The Arnhemland Escarpment

The escarpment - a vast rocky plateau stretching across Arnhemland - was once criss-crossed by ancent hunting and travelling routes and inhabited by many families using the many rock shelters nature has provided. Now this country is rarely visited. There are huge areas which have not felt a human foot for a century or more. White visitors to the Arnhemland coast where warned to avoid "Debil-debil" country. As late as 1950, the escarpment or "stone" country was represented by a large blank space on the map. Around this time, Native Affairs patrol officer Syd Kyle-Little made expeditions into the area, writing about his adventures in his book, Whispering Wind.

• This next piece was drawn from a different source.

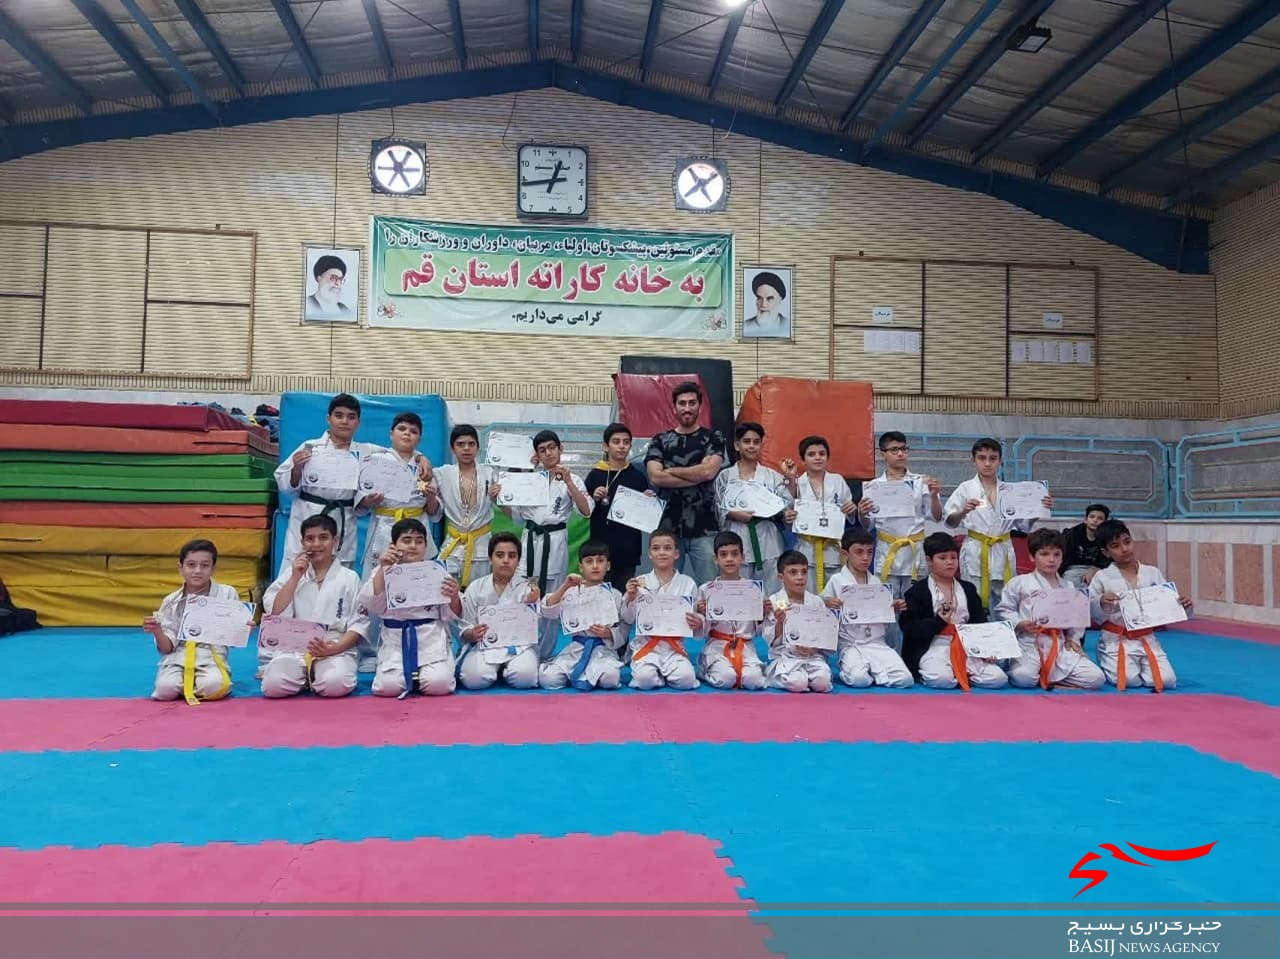 بسیجیان پایگاه شهید سید مصطفی خمینی در مسابقات استانی کاراته درخشیدند

The rugged, harsh beauty of this ancient landscape is enhanced by fresh greenery in the wet season. Meanwhile, hidden in gullies and gorges are the monsoon vine forests with their own assortment of plant and wildlife. Beautiful pools offer relief for the bush traveller, who often shares such places with a resident Merton's Water Monitor. The waterfalls give an inkling of the huge volumes of water carried by the sandstone plateau. In the wet, it is saturated and shedding the excess as if with a sense of urgency, but once the rains stop the waterfalls stay alive, some of them right through the dry season as the sandstone slowly leaks out all it has received.

In rock shelters and on protected rock walls are the mysterious paintings drawn by those whose home this country was, giving expression to their desires to hunt and to love, giving respect to the powers and laws of the dreamtime ancestors, and to educate the next generation.